Public Cervix Announcement: how Annie Sprinkle went from porn star to ‘sex educator’

What on Earth does it mean to be “body positive” in the 2020s? The movement has seemingly come to a screeching halt in the midst of accessible cosmetic surgery, weight loss injections and emaciated, silicon-faced stars from the movies looking like a yassified Gollum everywhere you look.

It’s easy to throw your hands up at the world, say “we’ve lost” and spend the rest of your days navel-gazing while wishing you could still play those early Lizzo records on repeat without feeling like a traitor. Or, you could accept that the very idea of “body positivity” is something that, like our bodies, is ever-changing and entirely our own. It can be whatever we want it to be, and, as shown by the work of Annie Sprinkle, this isn’t a new attitude to have, far from it.

Born Ellen F Steinberg in Philadelphia, Pennsylvania, the story of Annie Sprinkle begins at the movies. At 18, her family were living in Tucson, Arizona and Sprinkle herself was working at the ticket booth of her local cinema, the Cineplaze Theatre – secretly, the theatre was showing screenings of Deep Throat, which were very much against local law, and when the theatre was busted by the cops, Sprinkle was hauled into court as a witness.

Hilariously, this was where she met Gerard Damiano, the director of Deep Throat, and despite being at a court date to convict him as a criminal, she became his mistress during the case and departed Tucson for New York City, where she lived for 22 years – being Damiano’s mistress gave her an in to her first job as a porn actress, where she took on the professional moniker that we know her by today, but it wasn’t long before she started really pushing the envelope for what a porn actress could be.

Over time, she went from prostitute and porn star to sex educator and artist. This wasn’t lip service either; Sprinkle absolutely believed in her work as more than mere titilation and she was right to, as well.

Public Cervix Announcement- how Annie Sprinkle went from porn star to 'sex educator'
Credit: Dangerous Minds / Annie Sprinkle

How did Annie Sprinkle become a sex educator?

Fittingly enough for someone who was still an actor, it began with her movies. They began to be as much about educating people about bodies and sexuality as they were about titillating the audience.

However, everything changed once she started transferring her skills from the screen to the stage to become a performance artist. There are few better examples of this than her spectacularly named one-woman show, Public Cervix Announcement. I mean, honestly? Give her the Tony for the name alone.

Turning the idea of the dreaded OB/GYN exam on its head, Sprinkle made it a communal experience where she got up on stage, sat herself on a comfy chair and inserted a doctor’s speculum. After that, anyone who wanted a peek could come up and take a gander. After all, it’s literally just a vagina, loads of people have ’em! Combined with the fact that a whole lot of people had already seen Sprinkle’s yoni, it made sense for hers to be the one combating the stigma around them.

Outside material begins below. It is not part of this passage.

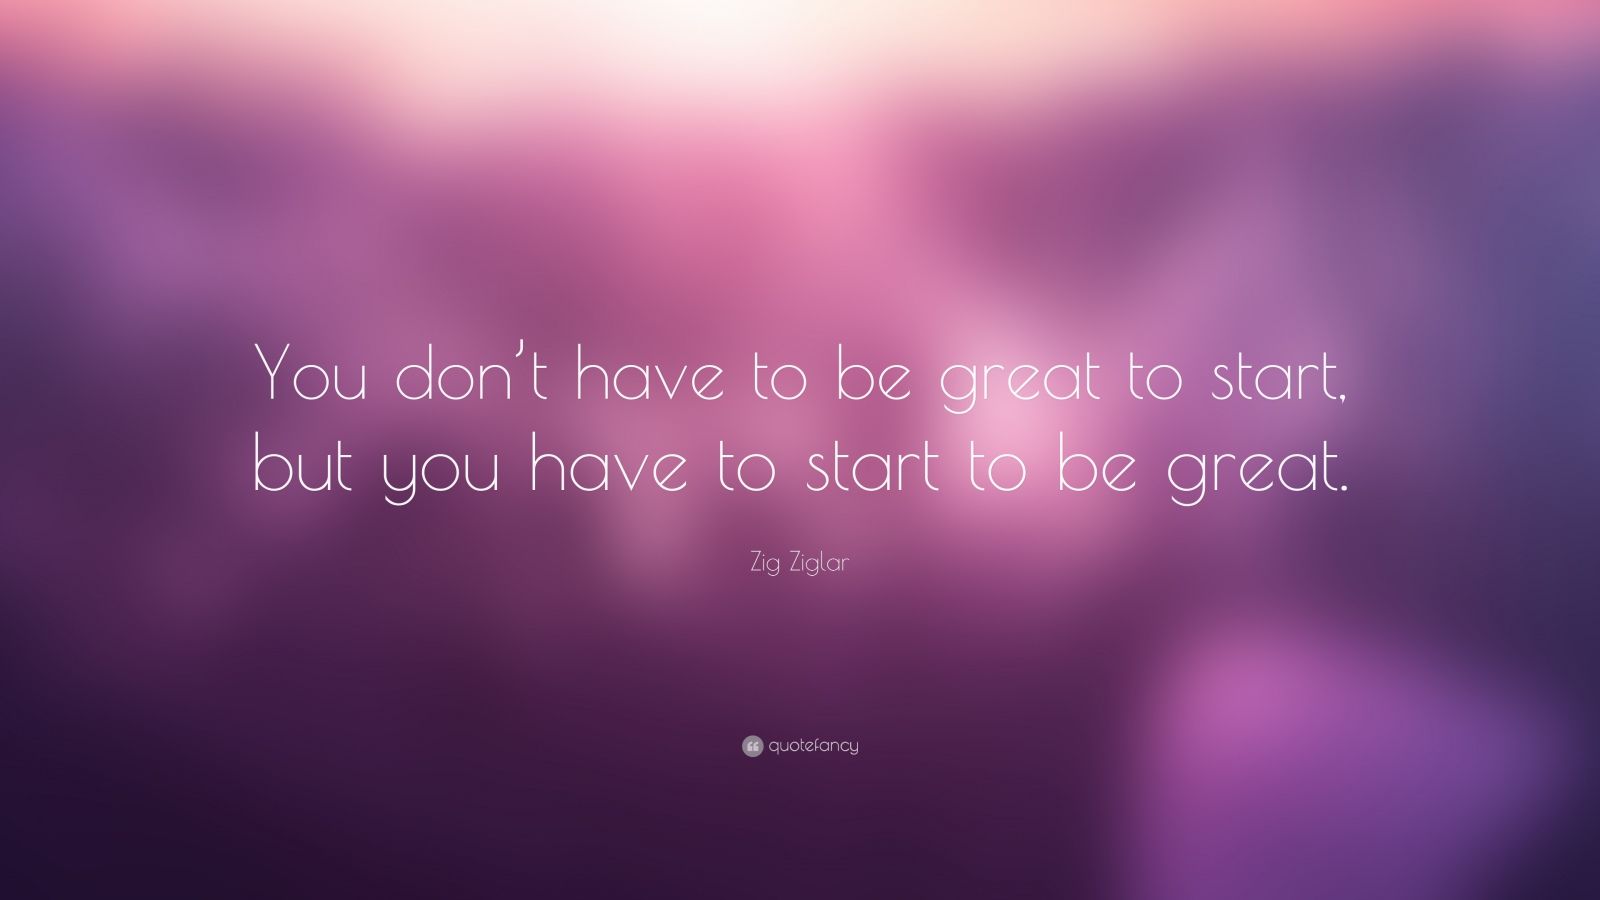 Zig Ziglar Quote: “You don’t have to be great to start, but you have to

While her work today is perhaps a little less graphic than it once was, she’s retained the basic (if you’ll pardon the turn of phrase) thrust of her work ever since – all of it is about connecting with our bodies in a way that’s natural, pleasurable and joyous, and even when she was diagnosed with breast cancer in 2005, she turned her treatment into erotic art, culminating in a fashion show inspired by chemotherapy.

There’s no vision of the human body that she doesn’t find beautiful, and that’s an inspiration to us all right now – if that’s not genuine body positivity, I don’t know what is.